Using practice guidelines to define appropriate care, we found that over 90% of all patients received recommended care for 7 of the 11 guidelines examined at an aggregate patient level. We also identified 6 measures for which at least half the institutions were concordant with the guidelines 100% of the time. These high concordance rates suggest that the factors influencing clinical decision-making are adequately captured in the current guidelines and surgeons recognize the importance of these therapies. As a result, we were able to demonstrate that Medicare beneficiaries are highly likely to receive appropriate care and that this finding is consistent across hospitals.
For several of the guidelines related to nodal management, however, concordance rates were low and few hospitals provided appropriate care to all patients. Specifically, we found that published guidelines recommending examination of a minimum number of lymph nodes in colon and gastric cancer have not resulted in routine adoption of this practice in elderly Americans despite the inclusion of these recommendations in the AJCC staging manual . It is possible that despite apparent expert consensus regarding the importance of evaluation of a minimum number of nodes, the lack of definitive evidence supporting a particular threshold has left many practitioners (surgeons and/or pathologists) unconvinced. They may not believe the potential benefits of more extensive lymph node harvests outweigh the added operative risks, perhaps particularly in older patients. The limitations of the evidence base supporting nodal evaluation and the difficulty in defining an appropriate nodal threshold for use in guidelines or quality measurement are well-described in two recent reviews, a report from the Cochrane Collaboration regarding extent of lymph node dissection for gastric cancer and a meta-analysis on colon cancer nodal evaluation. 19-20
We observed a somewhat different pattern of concordance for central neck dissection for node positive papillary thyroid cancer, with a higher aggregate concordance rate of 71.6%. In the hospital-level analysis, but no institutions at all performing neck dissections in all of their patients. Instead, most institutions performed them in approximately 80% of patients. One possible explanation for these findings is that there is agreement that a central neck dissection constitutes appropriate care for most but not all elderly patients with node positive papillary thyroid cancer, and that the factors relevant to selecting patients for the procedure are not adequately captured by the current guideline inclusion criteria, at least in this population of elderly Americans. Such factors might include the presence of a macro-rather than micrometastasis, or nodes detectable pre-operatively or at the time of surgery, rather than only on post-operative pathology review.
Several other explanations could account for the patterns observed in this study. Prior research on the Hospital Quality Alliance measures has suggested an association between the length of time guidelines have been in place and concordance rates.21
We found high concordance rates and minimal variation for the breast measures, guidelines that were among the first to be developed in cancer care.
It's also possible that because referral for adjuvant therapy is a dichotomous decision, which facilitates both compliance and measurement, it's easier for institutions to achieve consistent and high concordance rates on these measures than on guidelines measuring a continuous outcome such as number of lymph nodes examined. Alternatively or in addition, the fact that referrals result in reimbursement for the provider or the health system while lymph node harvests do not may contribute to the higher concordance we observed for guidelines related to adjuvant therapy.
Finally, there is a suggestion in our data that the level of evidence on which a guideline is based is associated with the level of concordance. Six of the 8 guidelines with concordance rates > 90% were based on high level evidence and all 3 of the guidelines with concordance rates <90% were based on lower level evidence (). Similarly, 5 of the 6 guidelines where more than 50% of institutions provided concordant care to 100% of their patients were graded as 1, while 4 of the 5 guidelines for which less than half of the institutions provided fully concordant care were graded 2 (). The role that level of evidence may play in acceptance of guidelines deserves further investigation.

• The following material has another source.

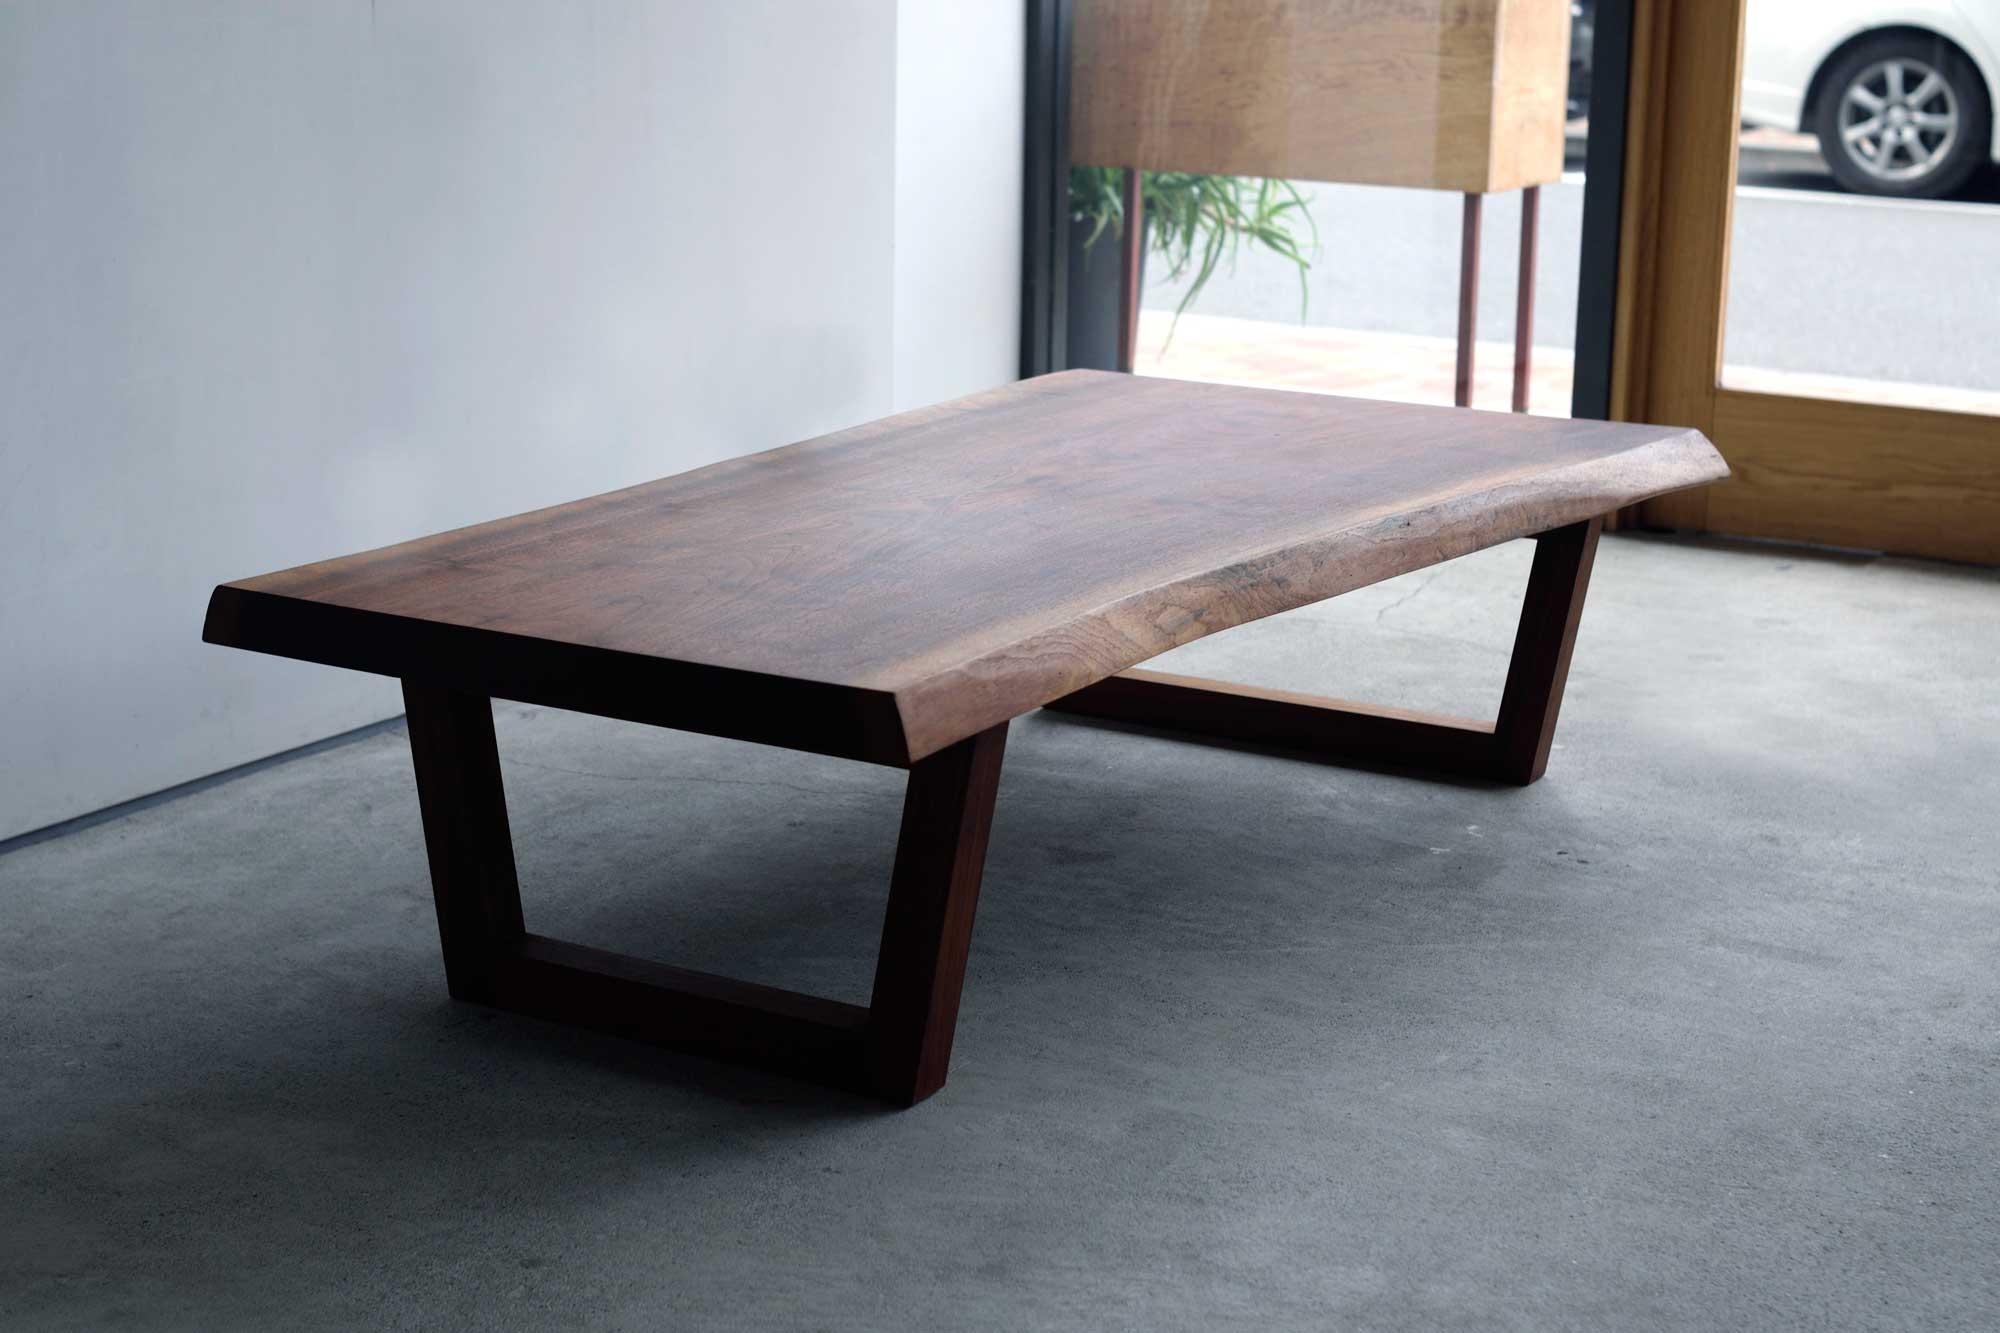 ウォールナット一枚板ローテーブル 台形脚部

This study has the usual limitations associated with analyses of large national databases, including incomplete capture of cases, loss of follow up, and missing data as well as the limitations of claims data such as variation in billing practices and coding inaccuracies. Additionally, because Medicare provides the only consistent and comprehensive national data source on medical services delivered, our analysis was limited to patients 65 and older. A focus on older patients did allow us to study a particularly vulnerable population and one that makes up the majority of patients with gastric and colorectal cancer. However, breast and thyroid cancer are common in younger Americans, so our reliance on Medicare data represents a more significant limitation for these diagnoses.
We found a high level of concordance with guidelines in some domains of surgical oncology care, but far less so in others, especially those that are associated with nodal management. Five of the six measures with wide acceptance into practice relate to appropriate referral for or receipt of adjuvant therapy. Given the current national focus on quality in healthcare, there is increasing pressure to develop measures to determine whether patients are getting appropriate care; however, within the surgical disciplines, there is a paucity of data to support what constitutes appropriate care. It is critical that surgeons focus on the generation of the data necessary to inform clinical decision-making and promote quality surgical care.